Mother’s Day Weekend

 Recently in the Mutts cartoon (features 2 dogs and acorn throwing squirrels) one character called out on a rainy day, “Rain, rain, go away come again some other day.”  His friend replies, “What if this is the ‘other day?’”

We’ve had a lot of “other” days this spring, including today.  This morning Sarah went with us to see Adam.  We waited for the creaky elevator, gave him his banana and we walked the length of the hall in this facility in the former De Paul Hospital on north Kingshighway.

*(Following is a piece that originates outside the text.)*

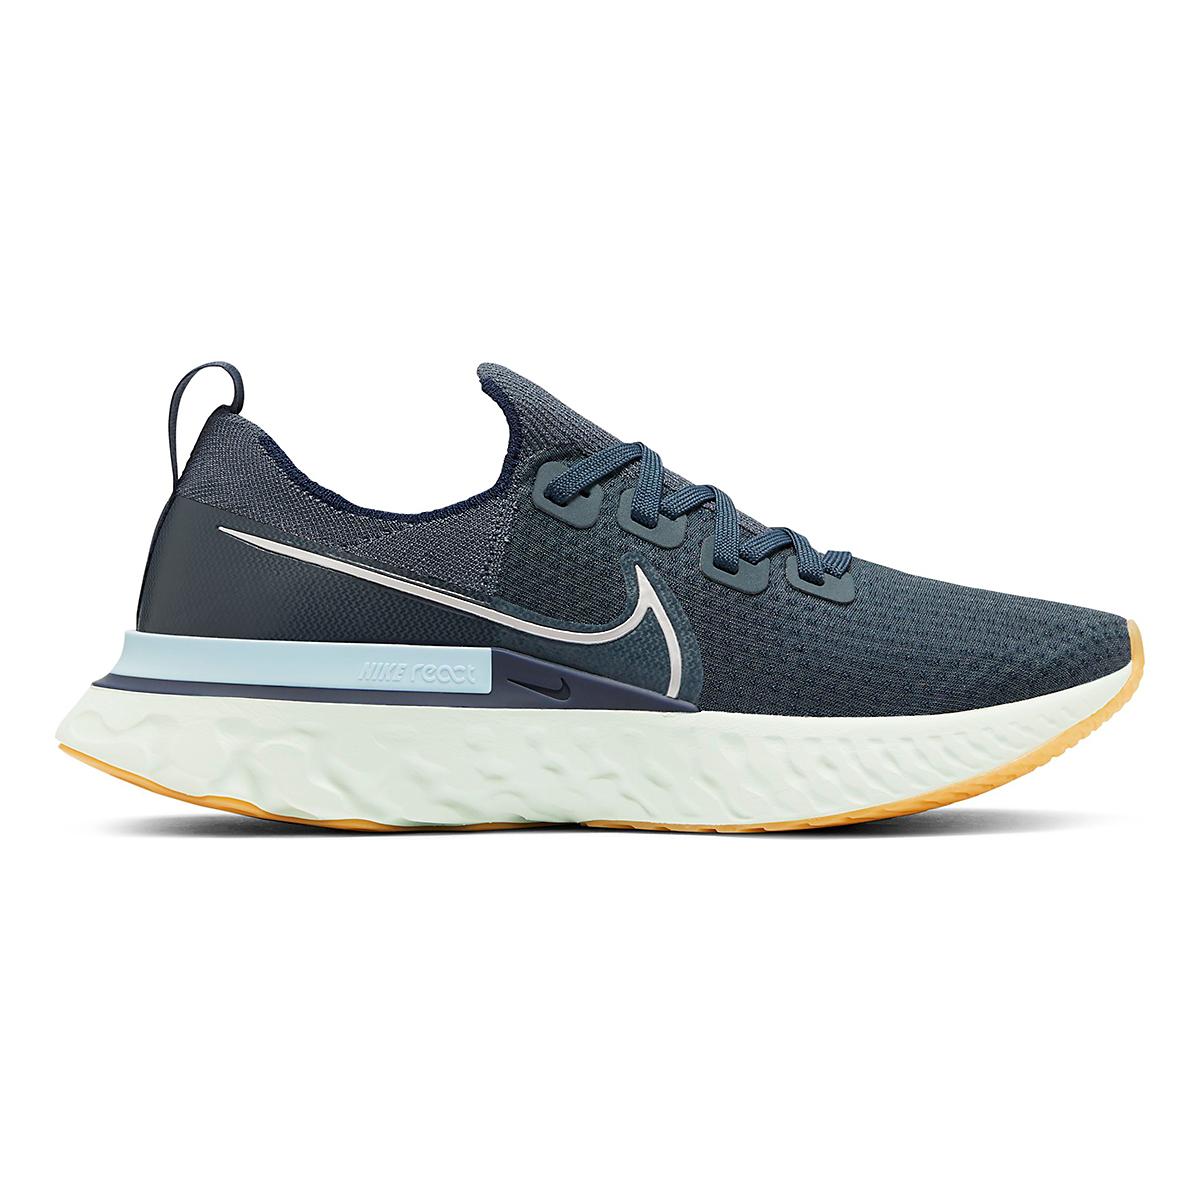 Men's Nike React Infinity Run Flyknit Running Shoe - Color: Blue Fox/Metallic Silver - Size: 6 - Width: Regular, Blue Fox/Metallic Silver, large, image 1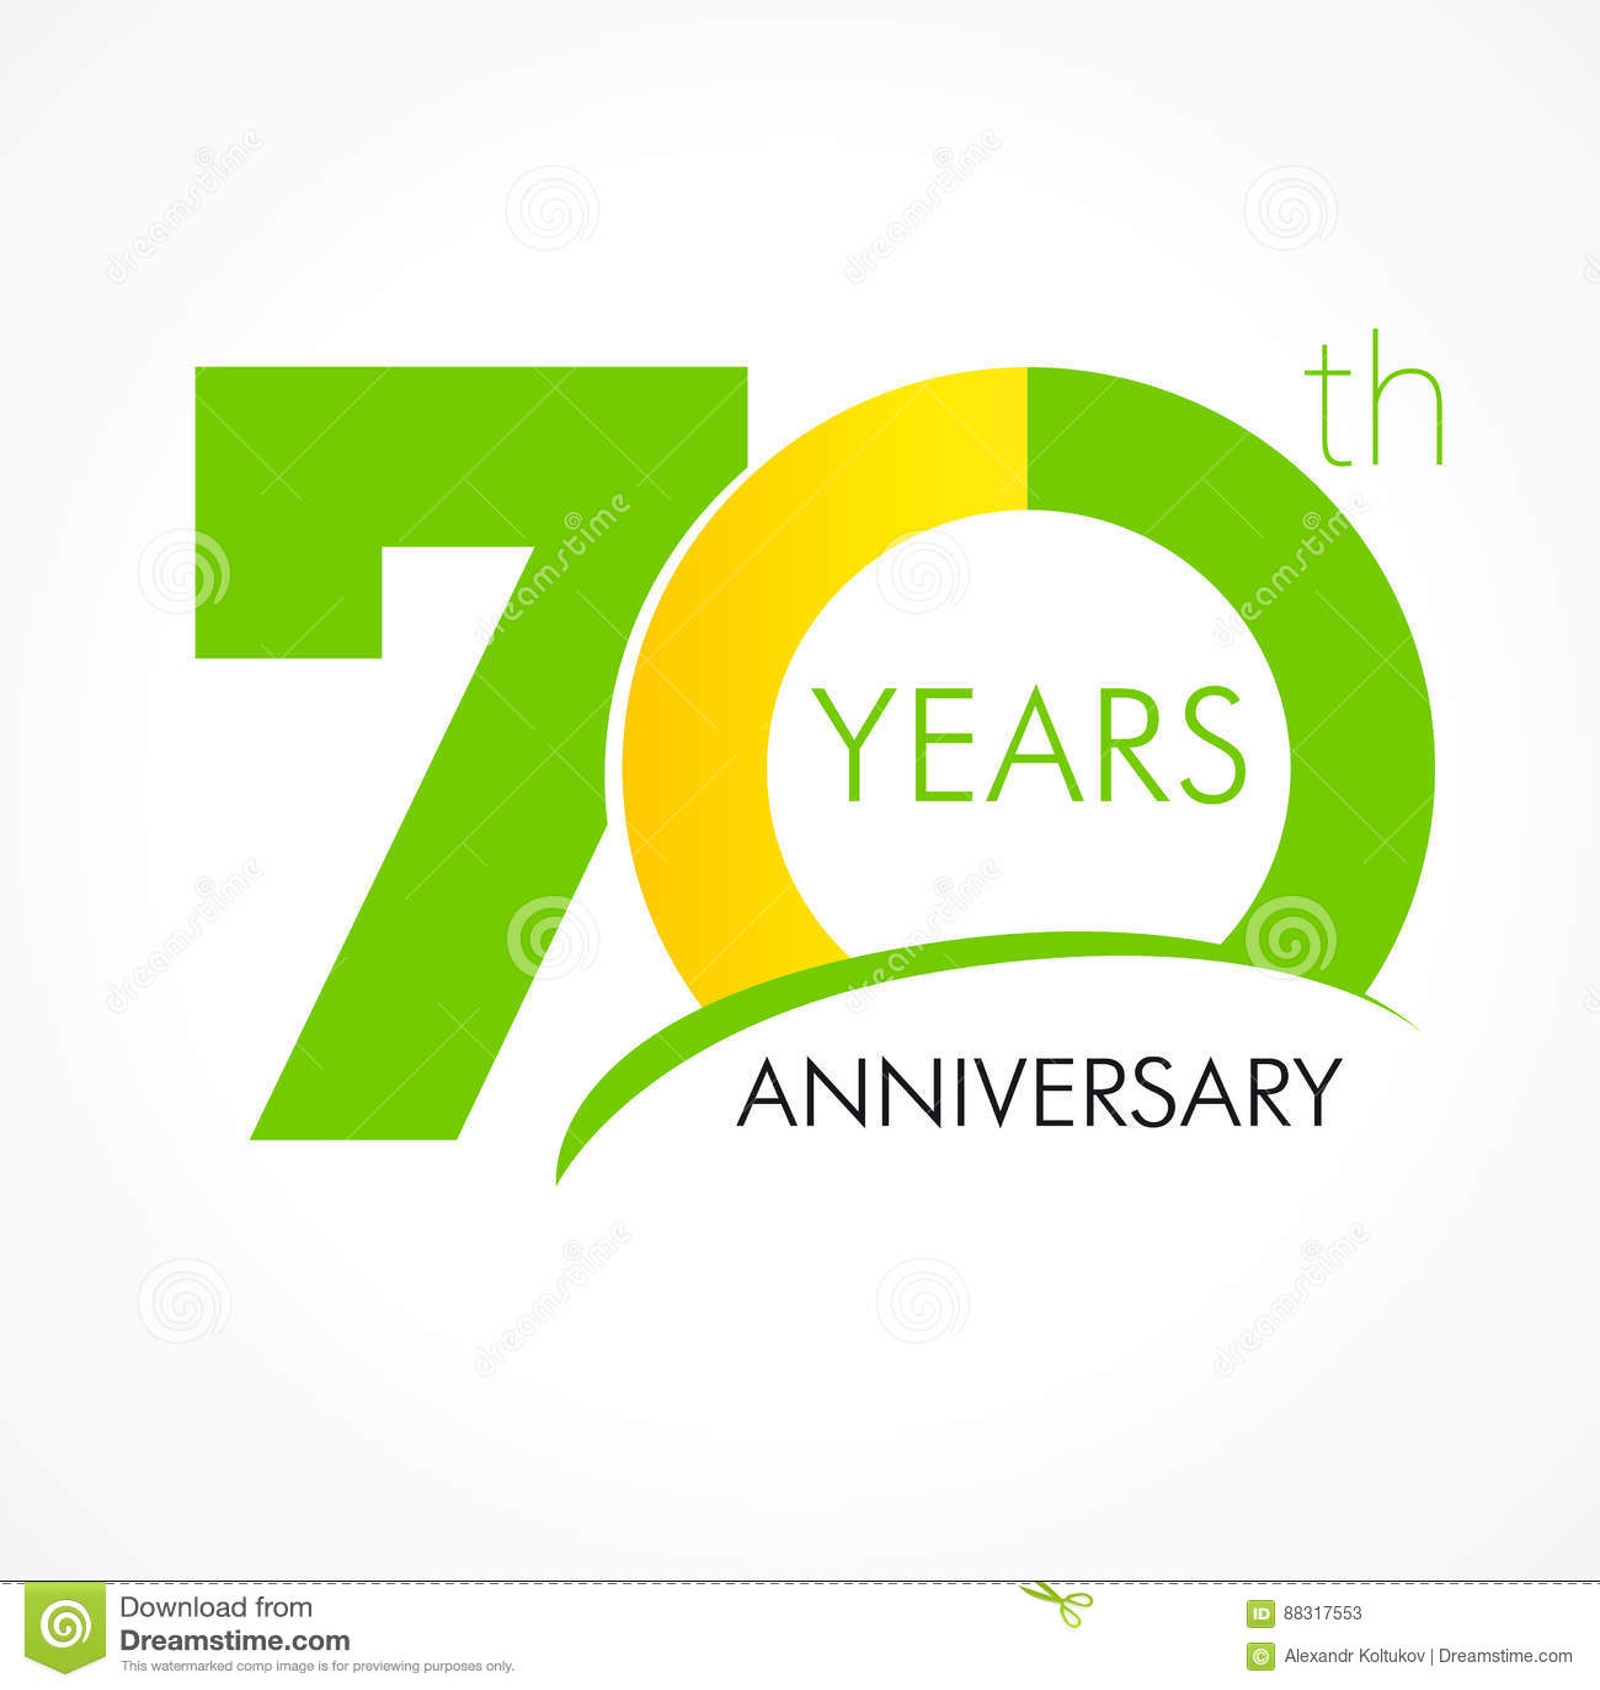 70 Years Old Celebrating Classic Logo

I’ve been writing a poem for Mother’s Day and searched for a fitting Bible passage.  I ended up with Prov. 31: 26-29.   The following is my slightly amended version.

She speaks with wisdom,

 Instruction is tender on her tongue.

She keeps a close eye on her family,

Never eating her bread idly.

Her children and husband

Sing her praises, saying,

“Many women have done noble deeds,

But you, them all accedes.”

Tomorrow is Good Shepherd Sunday.  In the Epistle, Rev. 7:9-17, we will hear of the multitude beyond number gathered before the throne and the Lamb, who also is the guiding shepherd. This great throng are waving palm branches.  Palm branches recalls Palm Sunday when the crowd welcomed Jesus, the new King David, into the capital city of Jerusalem.  In the Near East Palm branches are abundant and were used as decorations in Solomon’s temple.  The righteous “will flourish like the palm trees.” (Ps. 92:12) In Song of Songs, Solomon says, “Young woman, your figure is like a palm tree, and your breasts are like its clusters.”  (I guess you could use that quote for Mother’s Day).

Mostly though Palm trees are associated with the Tree of Life (Rev. 22) and victory.  In Revelation it’s the victory of Christ that is celebrated.